**WHAT IS EXPECTED**
The required output is every line from the one containing "Harbor View Suite" through the last line of the listing below, copied exactly, pictures excluded.

====== DATA BELOW ======

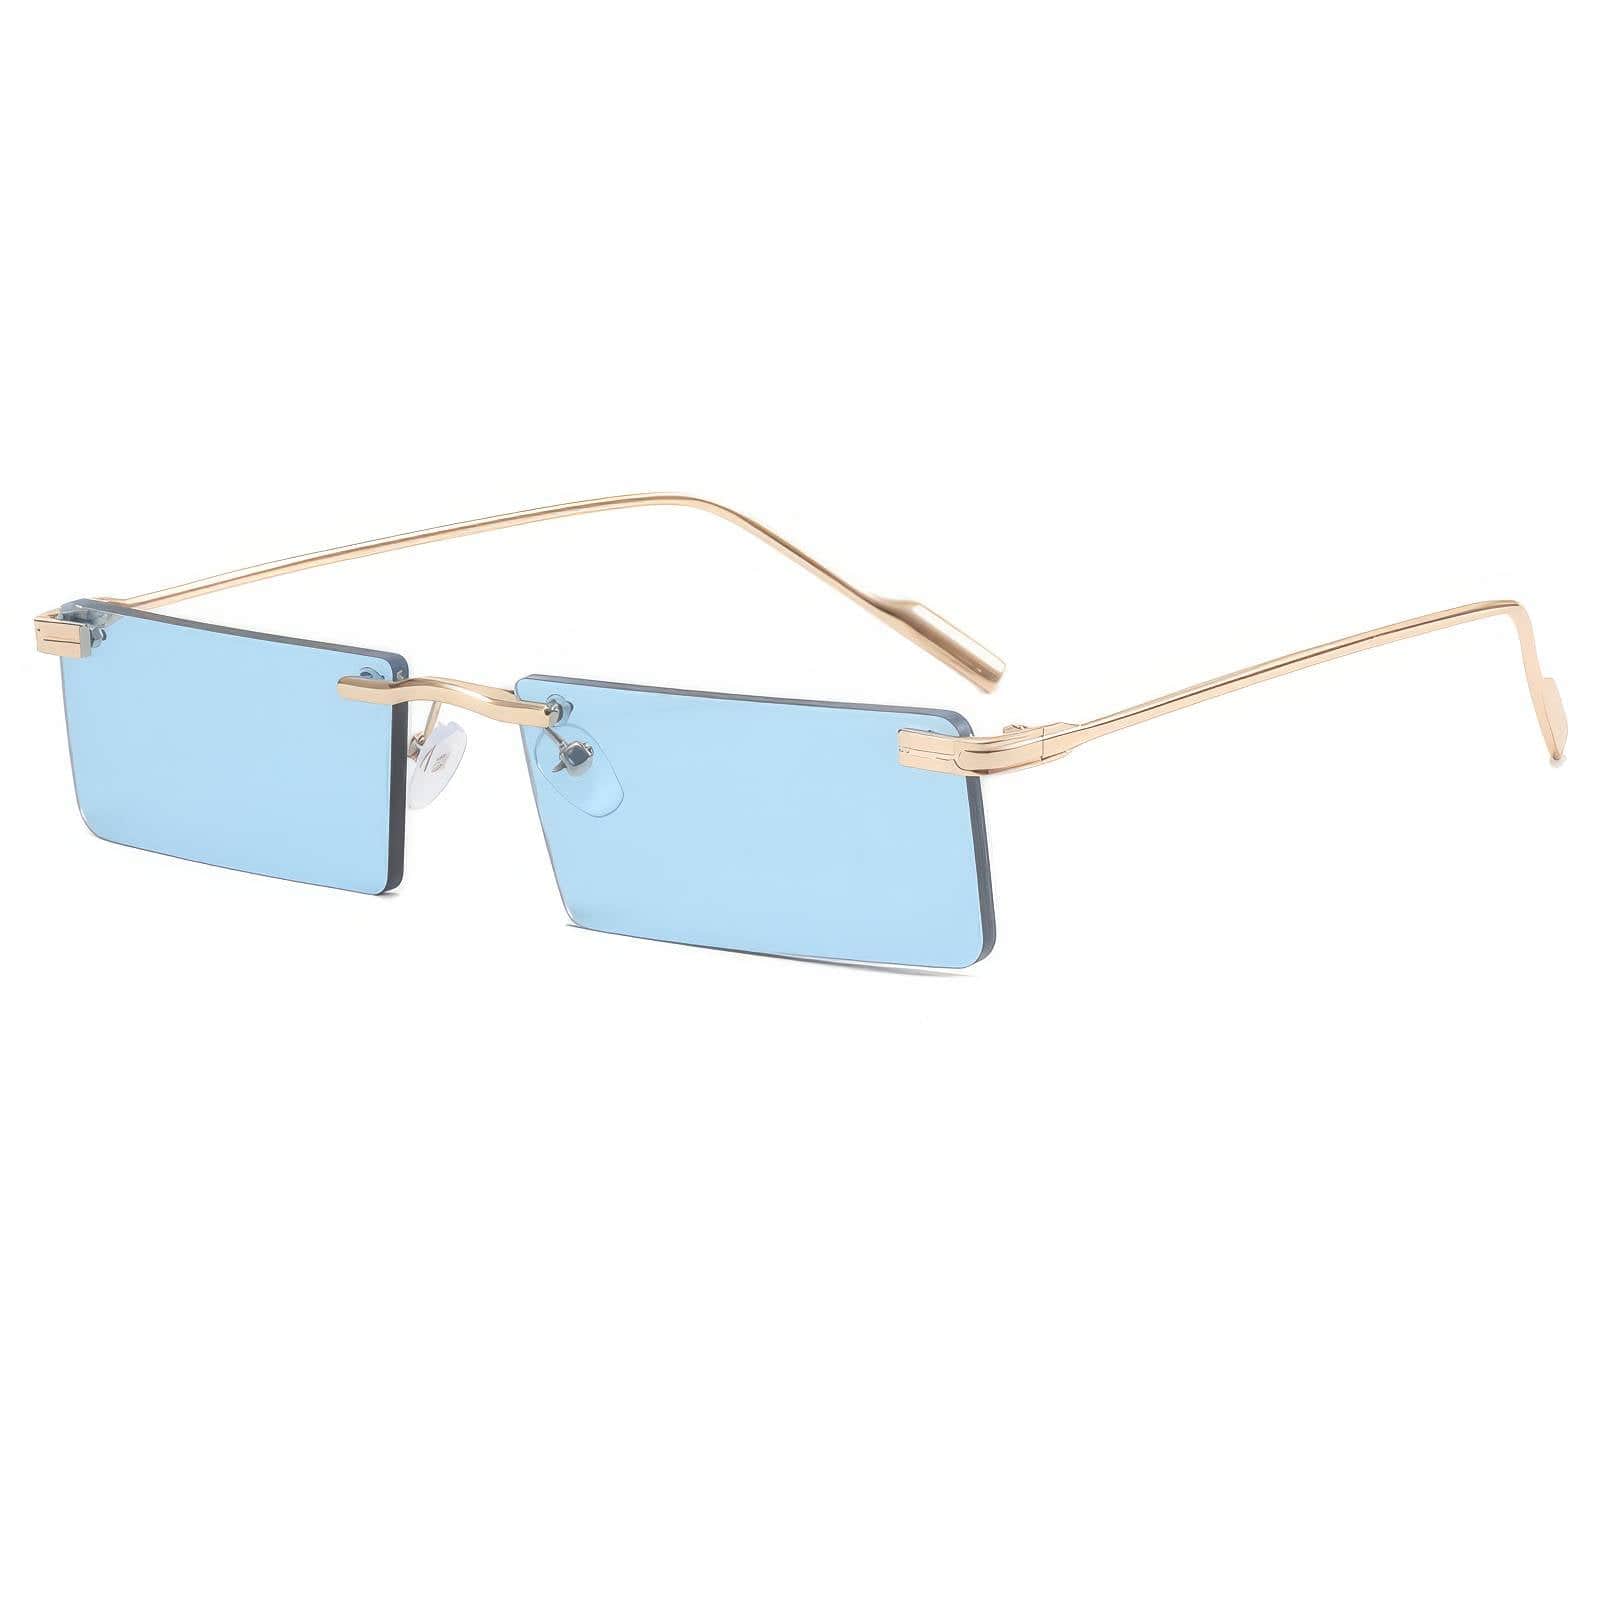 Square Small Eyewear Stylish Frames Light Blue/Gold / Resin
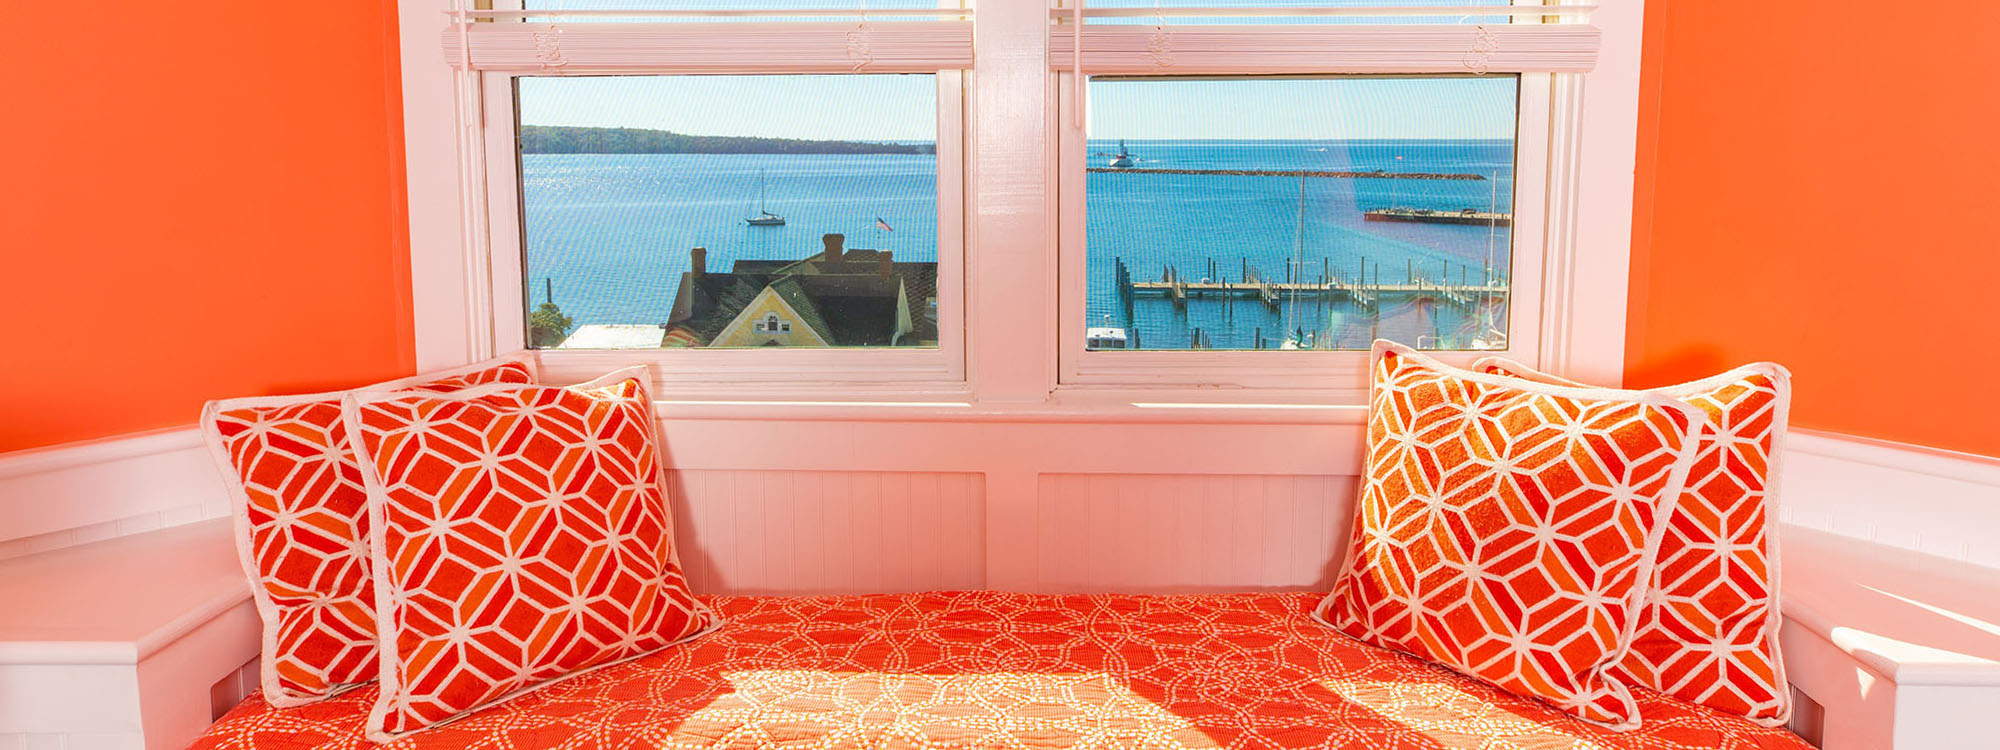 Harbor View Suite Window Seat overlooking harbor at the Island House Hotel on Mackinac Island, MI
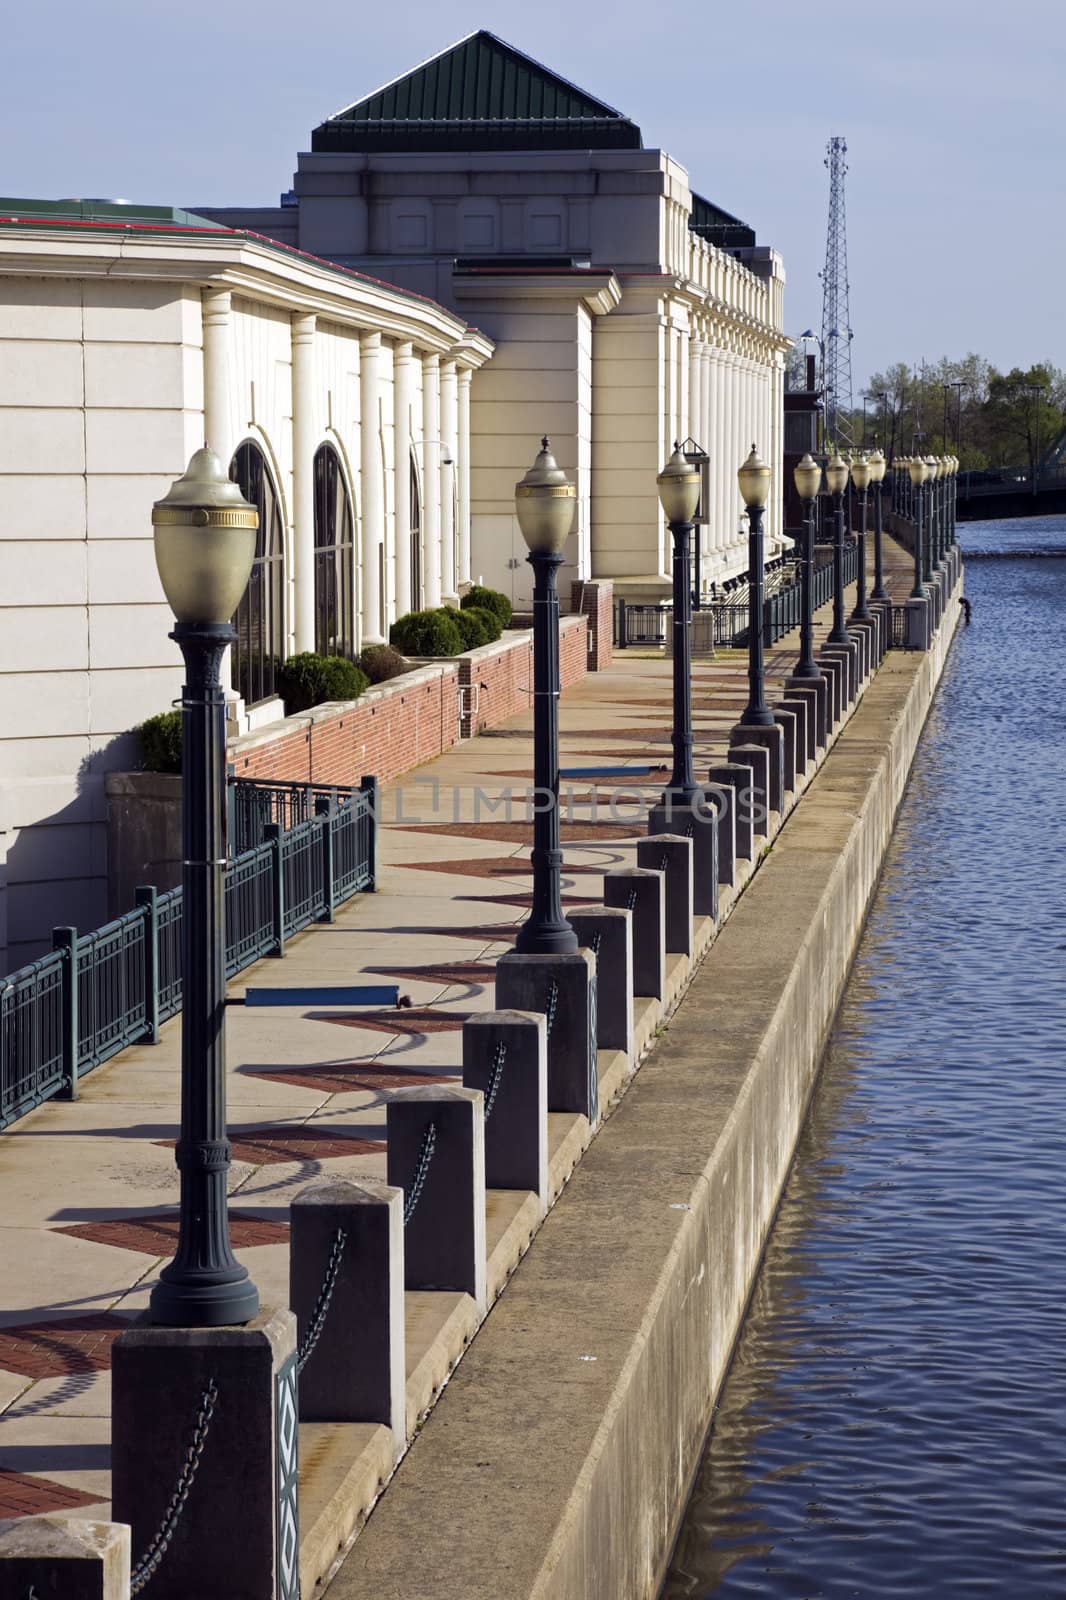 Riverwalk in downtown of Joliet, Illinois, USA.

======

**SOLUTION FOR THIS EXERCISE**
 Harbor View Suite Window Seat overlooking harbor at the Island House Hotel on Mackinac Island, MI
 Riverwalk in downtown of Joliet, Illinois, USA.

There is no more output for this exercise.